Facing Down Fear

About the time I left the corporate world, I had to make some big decisions on how to run my business. What my core principles would be. I decided to use the same principles I use for my personal life. When you own the business, it looks a lot like you anyway.

Some of the values were easy to choose: Be fair. Don’t jump to conclusions. Don’t make up what you think something means, ask. Listen.

"Her wings were only falling leaves, yet she could fly." © Quinn McDonald 2005

“Her wings were only falling leaves, yet she could fly.” © Quinn McDonald 2005

Then came the giant one: No fear. Do not make business decisions out of fear. Don’t make any decision out of fear.

It’s hard to keep that one. I had made business decisions based in fear for a long time–fear of my boss, fear of not meeting the team goals, fear of the competition, fear of getting fired.

A decision based on fear is frequently loaded with other weak motives. Revenge, neediness, lack of control. If you take fear off the table as a motive, your life looks different.

So this week, I made two huge choices that would normally strike fear into me. First, I hired a consultative comptroller–someone who can tell me which line of business is most profitable, and how I’m progressing month to month and year to year. I’m bad about keeping track of expenses, and this business consultant already pointed out two big truths that I have not wanted to consider.

The second decision was to hire a real ad agency to build a website that makes sense for my business.
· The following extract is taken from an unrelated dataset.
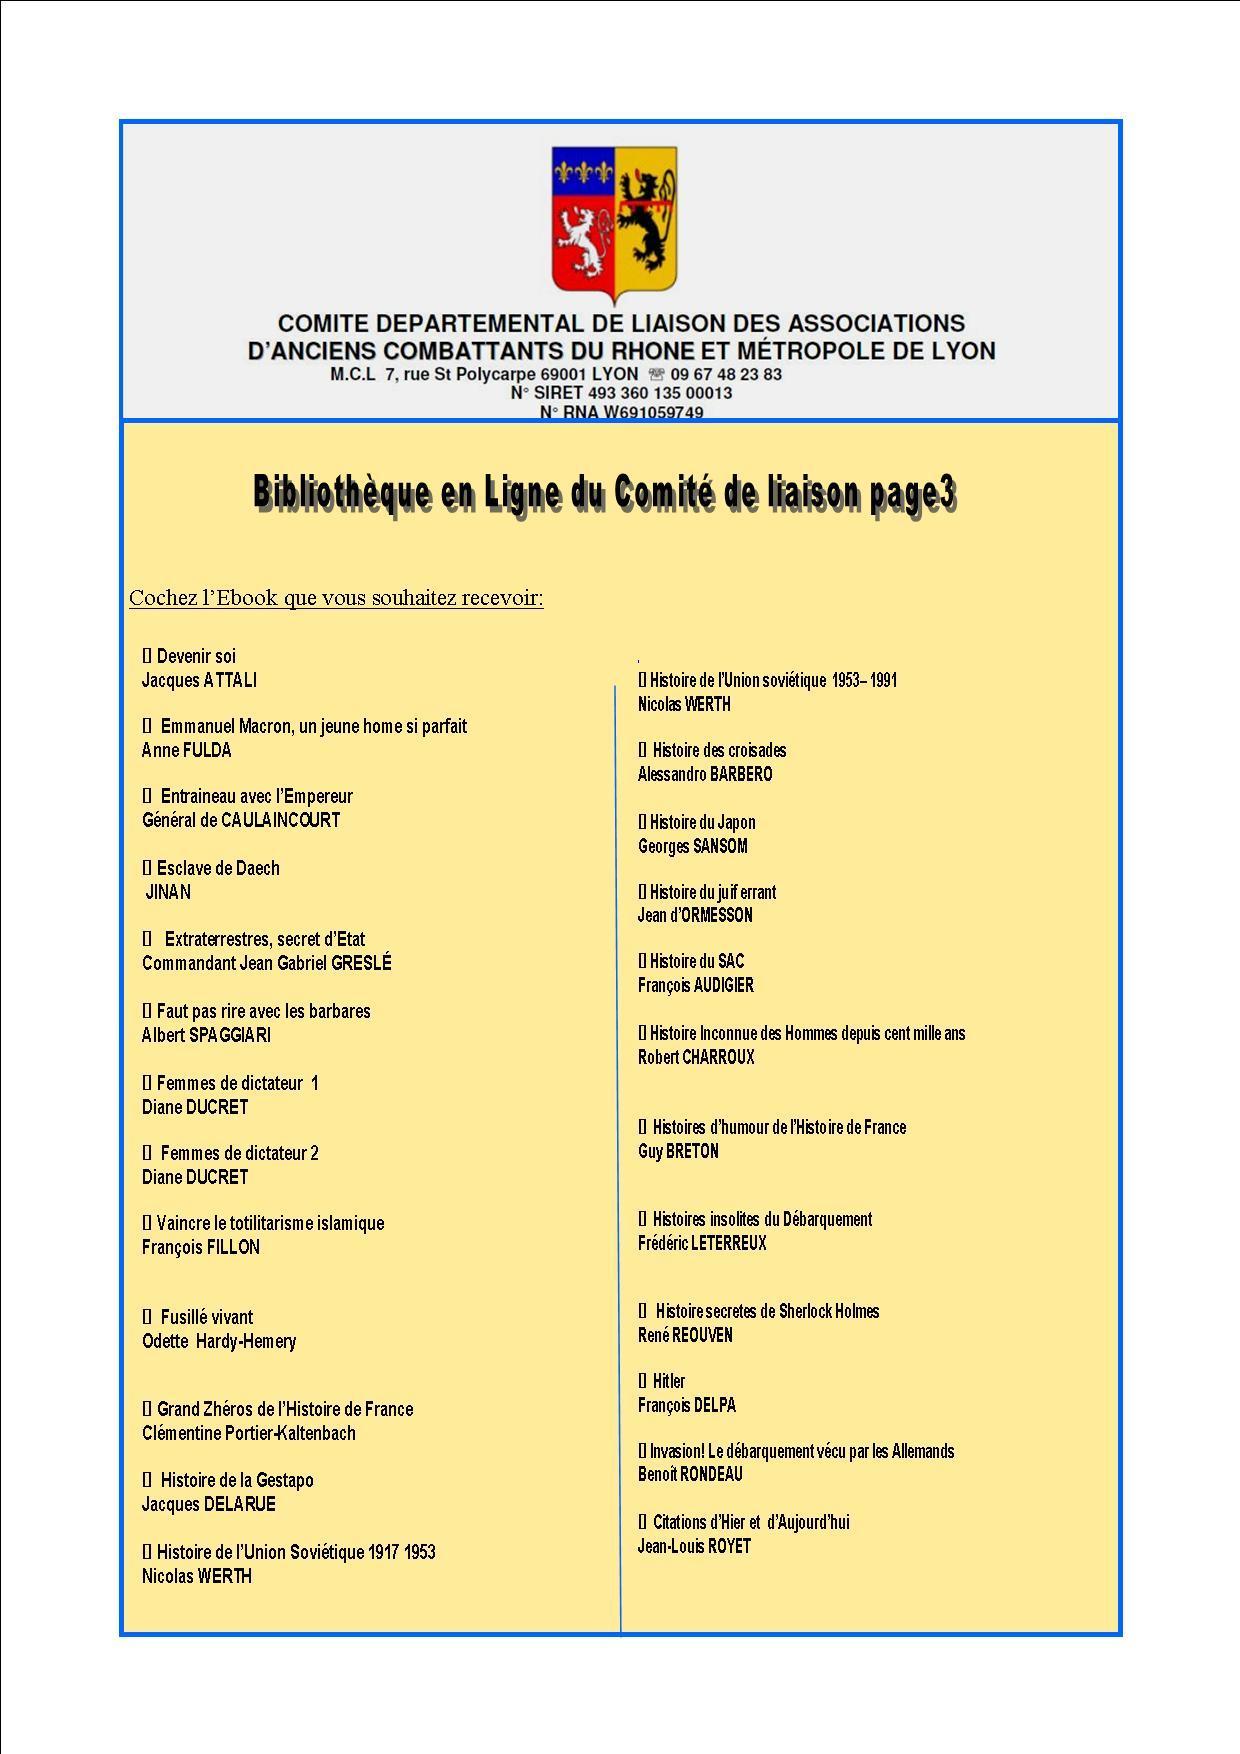 Bibliotheque en ligne du comite de liaison page3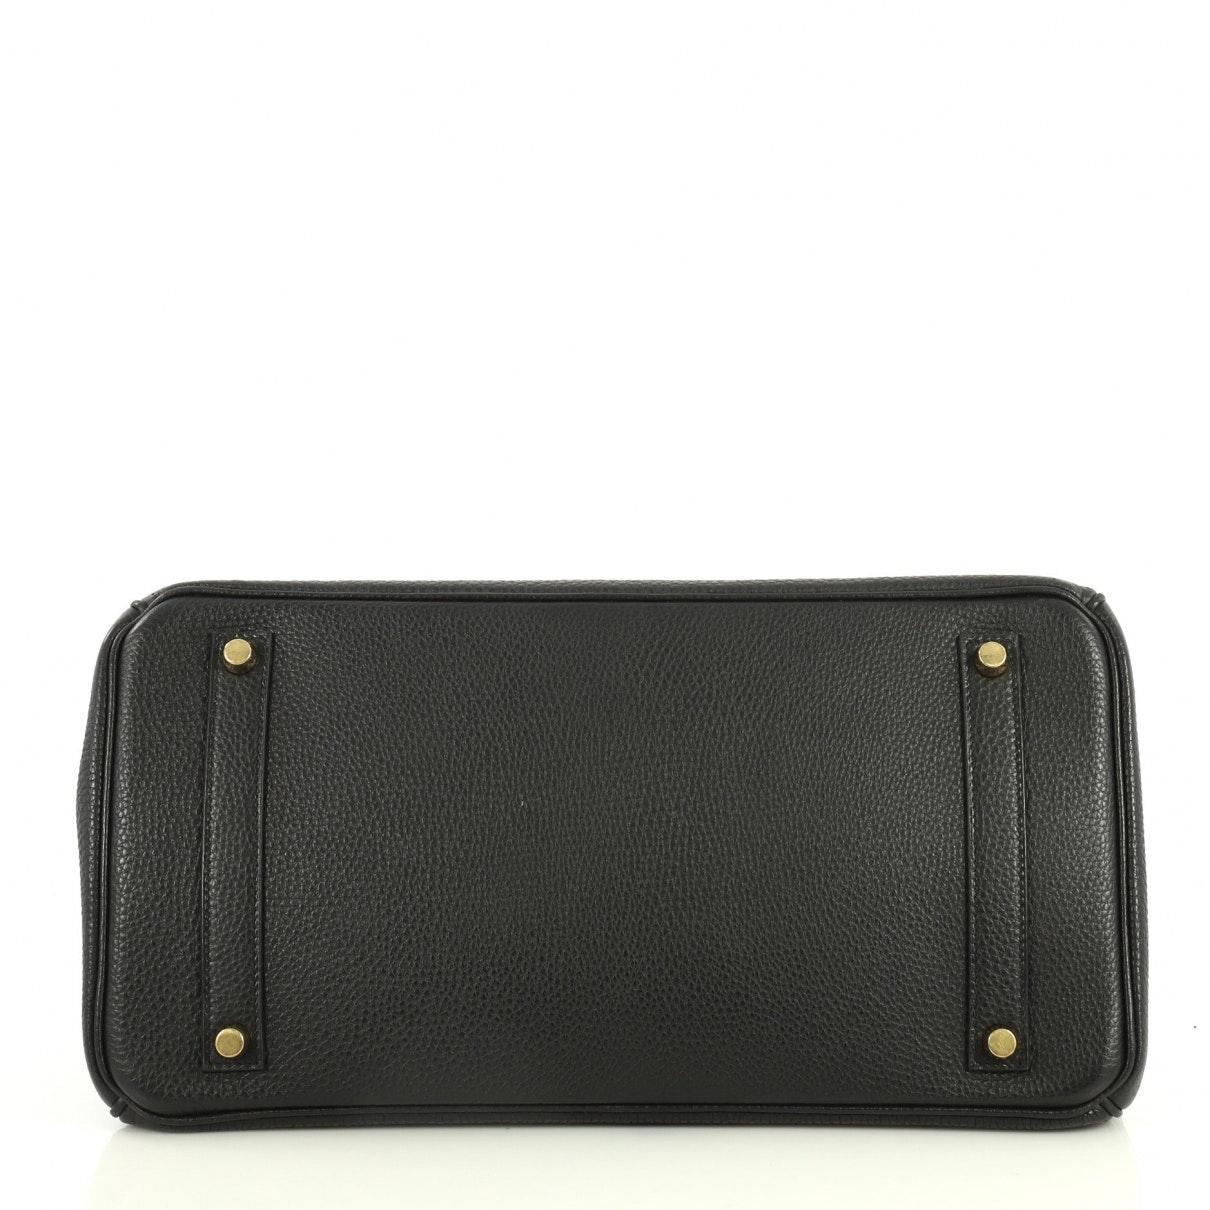 Sac à main Birkin 35 en Cuir Noir Cuir Hermès en coloris Noir Ul5L

Right now I have a placeholder website and that’s not enough.

In other words, I have decided that growth is something I want to choose. I want to expand the business training I do. I want to do coaching programs. I am amazed that after all the talking I do about the Inner Critic, I have not only been listening to mine, but backing away from playing big. Yep, I have been deliberately playing small because it became my comfort zone.

I was doing too many things to pay attention to any one of them. So I cut back to what I do best: helping people get better at what they like to do. For me that means writing, teaching writing, and coaching people who want to have the life they wish they could deserve.

The whole plan is big and bold and oddly, scary. That means I have to trust that I can do this, write the check to get the process started and leap. It’s what I talk about–being bold. I’m telling you, because you are coming along with me–I’m starting to walk this talk. Stay tuned for late-breaking developments.

Quinn McDonald is a writer and creativity coach. She teaches what she does.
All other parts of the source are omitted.